There is a saying within the US Navy Seals special forces community: “…under pressure you do not rise to the occasion, you sink to the level of your training,...
There is a saying within the US Navy Seals special forces community: “…under pressure you do not rise to the occasion, you sink to the level of your training, which is why we train so hard.” The success, or otherwise, of their operations is determined by how well prepared they are for all eventualities and contingencies.
Historically, this has been the opposite of how lawyers in the commercial world train for their day job. Of course, there is some classroom learning, but the reality is that the partners of today at the leading law firms learned by doing and getting their hands dirty on real world cases and transactions. Reviewing and amending hundreds of documents meant that they learned what the key provisions were, where they were in the multitude of pages and why they were contained there in the first place. This meant that when the time came to negotiate deals and transactions as they became more senior, they knew the implications in the documents of the key issues that were being debated by their respective clients. This allowed them to give informed, commercial advice where they mapped the needs of their clients to the documents. The training ground for lawyers was live deals and not rehearsing things through training, unlike Navy Seals.
What could change in the future?
The general counsel of a leading technology company recently stood up at the partner conference of one of the world’s largest law firms and told the assembled legal highflyers that the value of the commoditised work provided by their firm and for which they currently charge their clients will shortly be zero. Why? He was referring to the implications of artificial intelligence for law firms and how they operate. Historically the leading commercial law firms have charged their clients a lot of fees for deploying a large phalanx of junior lawyers to undertake what can broadly be called data checking or process driven activities. In a large litigation case, this could be a discovery exercise, in a merger or acquisitions deal, this could be the verification of warranties in the sale and purchase agreement and in a finance transaction, this could be the satisfaction of conditions precedent. The margins earned by law firms for this sort of work has been under attack for some time as clients have required that these sorts of activities should be done more cheaply, for example using offshore or onshore para-legals in urban centres where the cost of living is cheaper and hence the wages that need to be paid are lower.
However artificial intelligence threatens to take this attack to a new level. The use of this technology in law firms is in its infancy, partly because they pay out almost all their annual profits to the partners so have no war chest for IT investment and partly because these institutions are conservative when it comes to borrowing to invest in such areas. However, when one sees the current capabilities of Chat GPT or equivalent products it is clear that these data checking or process driven activities are fully capable of being undertaken by a machine learning platform. As AI begins to increasingly do this type of work, law firms may seek to avoid passing on this cost saving, but clients are too sophisticated for this to be a sustainable position, very quickly this will lead to no meaningful charge being levied for this work.

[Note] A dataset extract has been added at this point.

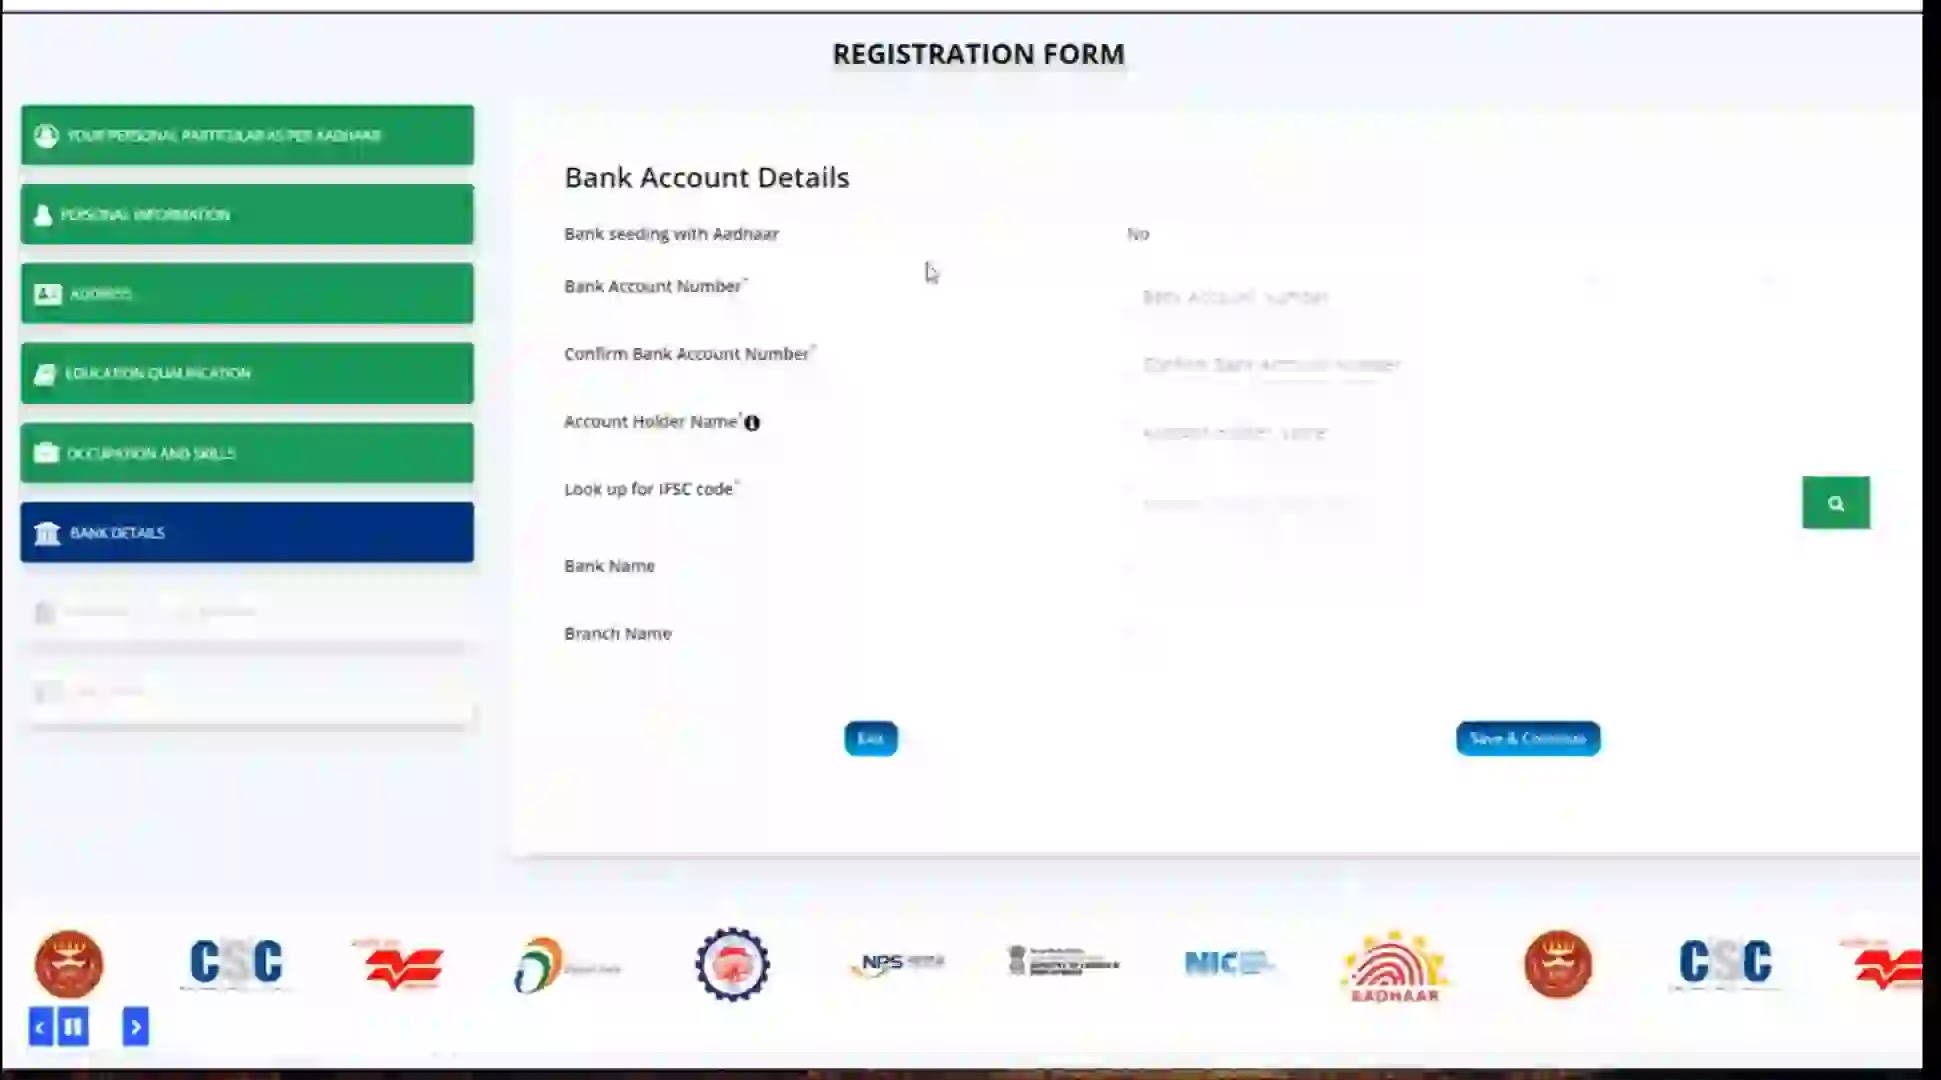 e SHRAM Card - online Registration, Apply рдФрд░ download рдХрд░рдиреЗ рдХрд╛ рд╕рдмрд╕реЗ рдЖрд╕рд╛рди рддрд░реАрдХрд╛

What implications will this have for law firms? They will have to reassess their business model. They will not need as many lawyers as AI will be undertaking a lot of the data checking and document drafting and reviewing. This will mean that there will be an inability to charge for the time of lots of lawyers which implies that law firms will need to charge much more for the value-added advice, for example partner time on the key strategy or negotiation issues. Think of the current model of seeking the advice of a KC on litigation matters. And for junior lawyers? Well, there are likely to be fewer of them because they will not be needed for the historic data checking and process driven activities and there will be far fewer opportunities for them to learn on the job by getting their hands dirty. They will handle entire documents far less so will lose sight of the architecture of their trade albeit they will need to focus on the key, value-add parts that are relevant to the case or transaction in hand. As a result, it is likely that law firms will have to fundamentally change their approach to training. They will need to take a leaf out of the book of the special forces communities and spend far more time on training their junior lawyers so that the partners of tomorrow have the sufficient depth of knowledge to justify their high charge out rates.